If I'm looking for a Trial dog, I probably won't entertain those dogs from Hunt Test or Performance pedigrees. The number of straight up Field Trial litters each year is pretty small. I would be talking to the owners of competitive dogs to see what their breeding plans are for the year. If you wait until you see litter announcements you're probably too late for a top competition prospect.


----------



## gdgli (Aug 24, 2011)

Swampcollie said:


> If I'm looking for a Trial dog, I probably won't entertain those dogs from Hunt Test or Performance pedigrees. The number of straight up Field Trial litters each year is pretty small. I would be talking to the owners of competitive dogs to see what their breeding plans are for the year. If you wait until you see litter announcements you're probably too late for a top competition prospect.


I look for very specific qualities in a dog. At hunt tests I make notes on the Goldens I see. Same at trials. Because I am frequently shooting at trials, I also get to see the dogs' work up close. 

When speaking to a breeder I tell the breeder EXACTLY what I am looking for and I really do not want to compromise. The qualities that are a must: a bold dog, high energy, and I prefer smaller rather than bigger.


----------



## Alaska7133 (May 26, 2011)

Swampcollie said:


> If I'm looking for a Trial dog, I probably won't entertain those dogs from Hunt Test or Performance pedigrees. The number of straight up Field Trial litters each year is pretty small. I would be talking to the owners of competitive dogs to see what their breeding plans are for the year. If you wait until you see litter announcements you're probably too late for a top competition prospect.


I agree. I’m in Alaska, we have had a few decent trial litters over the years. But none when I was looking. So I will go anywhere for the right pup. My last pup was from a phone text from someone that knew I was looking. I looked at the pedigree right away, made a phone call, and mailed a check the same day.

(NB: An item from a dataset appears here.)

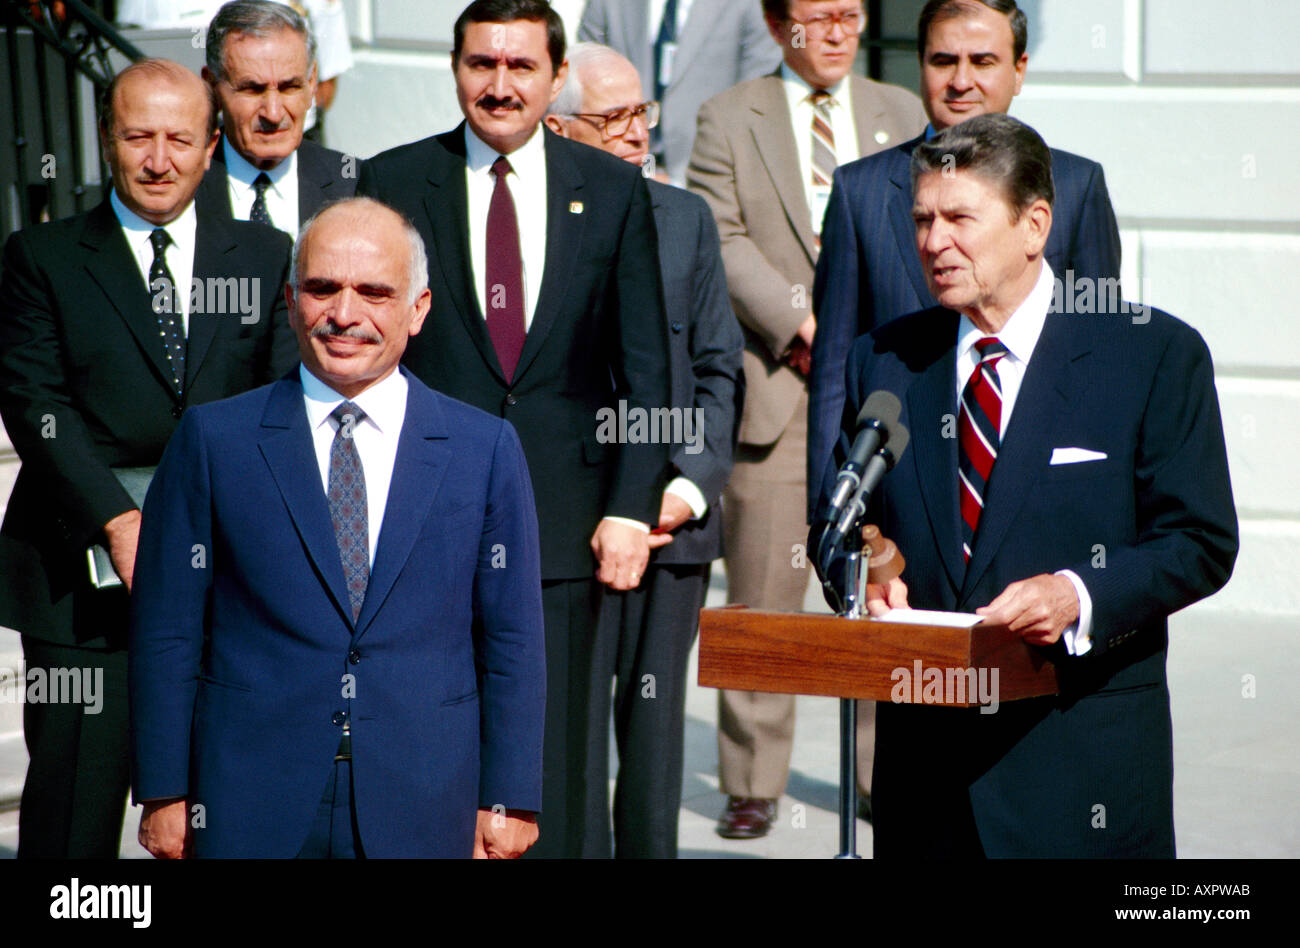 Rencontre du président AMÉRICAIN Ronald Reagan avec le roi Hussein de Jordanie à l'extérieur de la Maison Blanche 21 décembre 1982 Washington DC USA Banque D'Images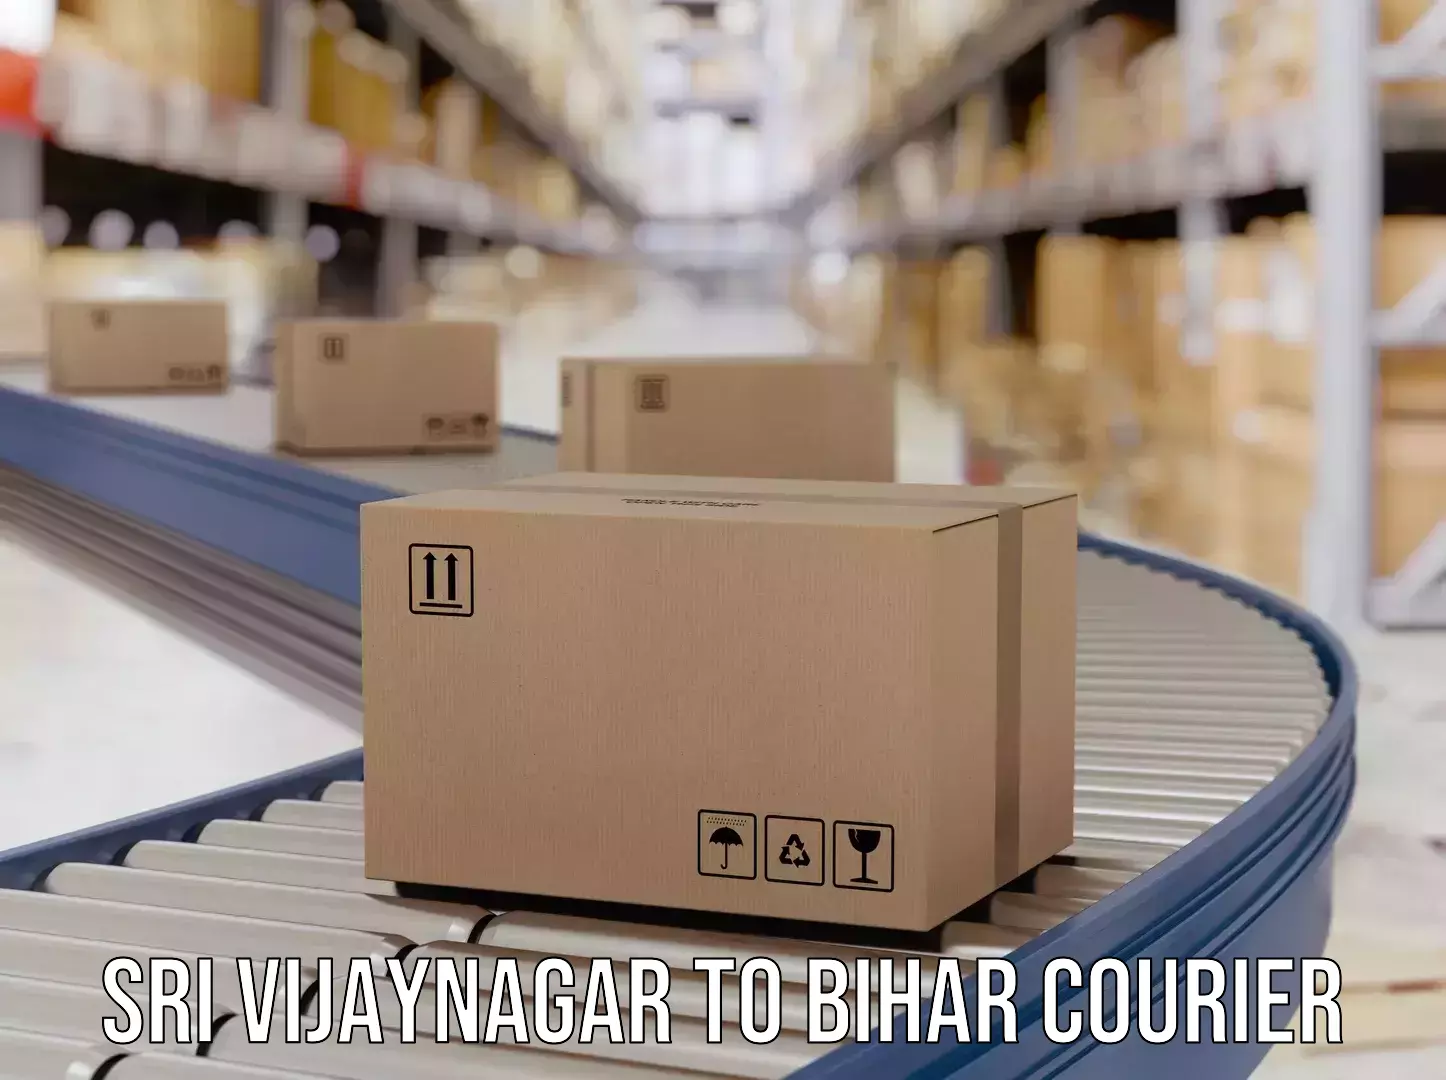 Cash on delivery service Sri Vijaynagar to Sonbarsa

I was looking for a trial pup because I figured I could do anything with one from a good trial breeding. And I wasn’t wrong.


----------



## MillionsofPeaches (Oct 30, 2012)

It is a bit easier once you're "in" but if you are an outsider looking for a trial pup its harder. Breeders with super litters don't always want to give a nice pedigreed pup to a newbie. I got lucky. I didn't know anything about anything and George knew me and told me about his litter. Little did I know what kind of lines I was getting....Now I have a much better idea about nice goldens that I want a pup from...


----------



## ArchersMom (May 22, 2013)

hollyk said:


> Too funny!!!


It's true! Anything under 1,000 miles is just a day trip


----------